Translator: EndlessFantasy Translation  Editor: EndlessFantasy Translation

Lily’s memory began with snow in a cold winter.

She could not remember the name of the place, the location of the mountain, and the country she was in at the time. She could not even remember the face of her adopter. All she could recall was that she woke up by the side of a hut in the middle of a forest, and that year was freezing.

In the cold winter season, on the snow-covered mountains, where snow was weighing down the century-old trees and had erased the sleigh marks on the ground, she was awakened by a gust of cold wind on blanket and straw mat in a kennel.

A group of furry pups was squirming beside her.

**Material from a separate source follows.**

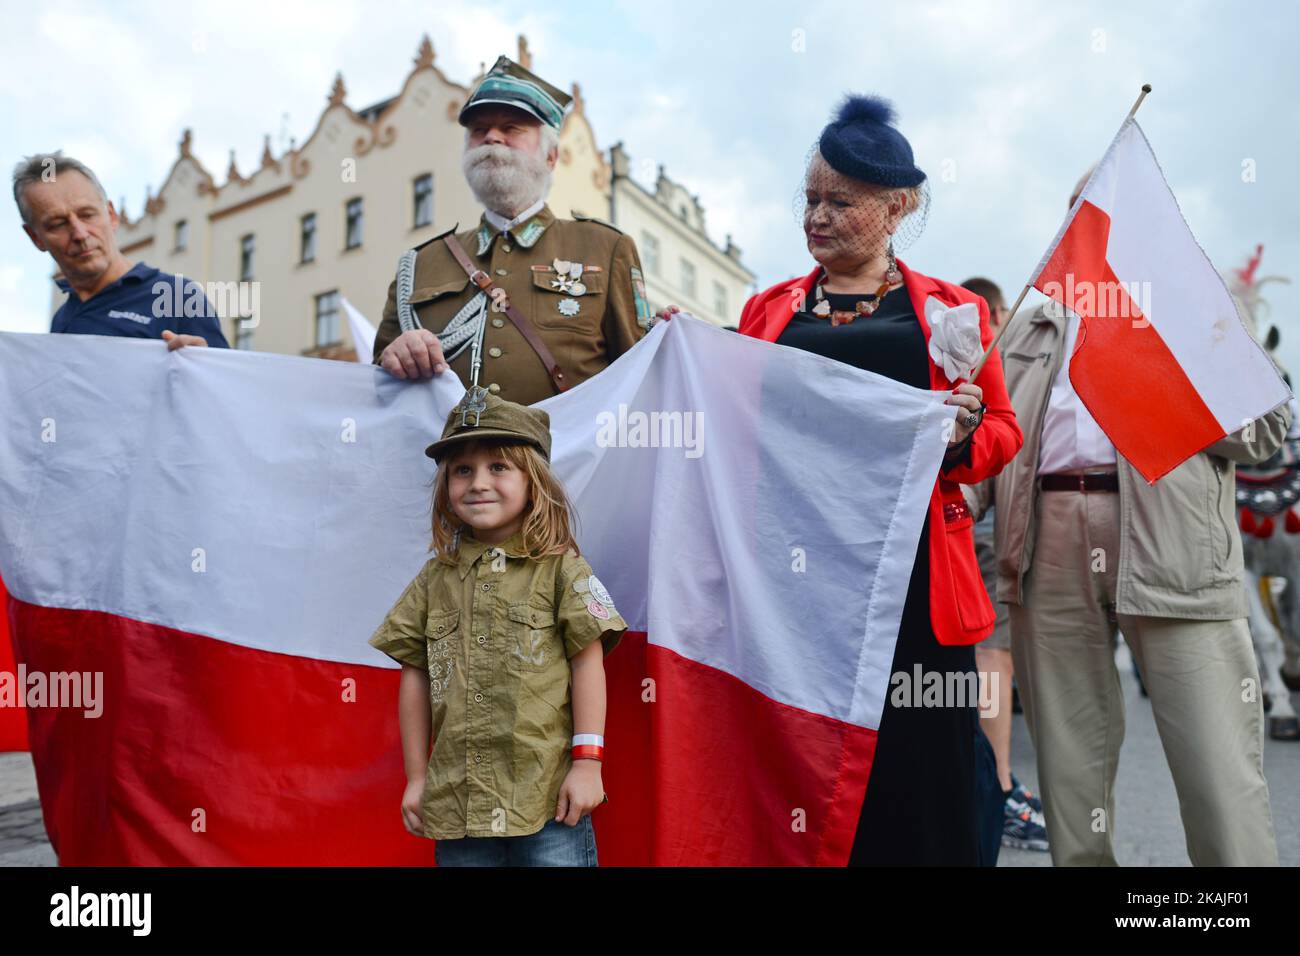 The 72nd anniversary of Warsaw Upraising 1944, in Krakow city center on 1 August, 2016, in Krakow, Poland. Photo by Artur Widak *** Please Use Credit from Credit Field *** Stock Photo

In the earliest thoughts of her life, Lily knew that the pups were her own brothers and sisters, but soon these vague thoughts disappeared as her spiritual world continued to reshape. Within a few seconds, after she opened her eyes, her “human personality” had completely replaced the “beast’s personality.” For many years after that, she believed that she was a human, and then a werewolf, but Lily did not remember that she used to be one of the squirming furry husky pups.

An old couple, who were the owners of the hut in the forest, awakened by the noise of the dogs. They went out to check it out and found a little girl crawling out of the kennel. They were dumbfounded but quickly realized that she was a gift from God.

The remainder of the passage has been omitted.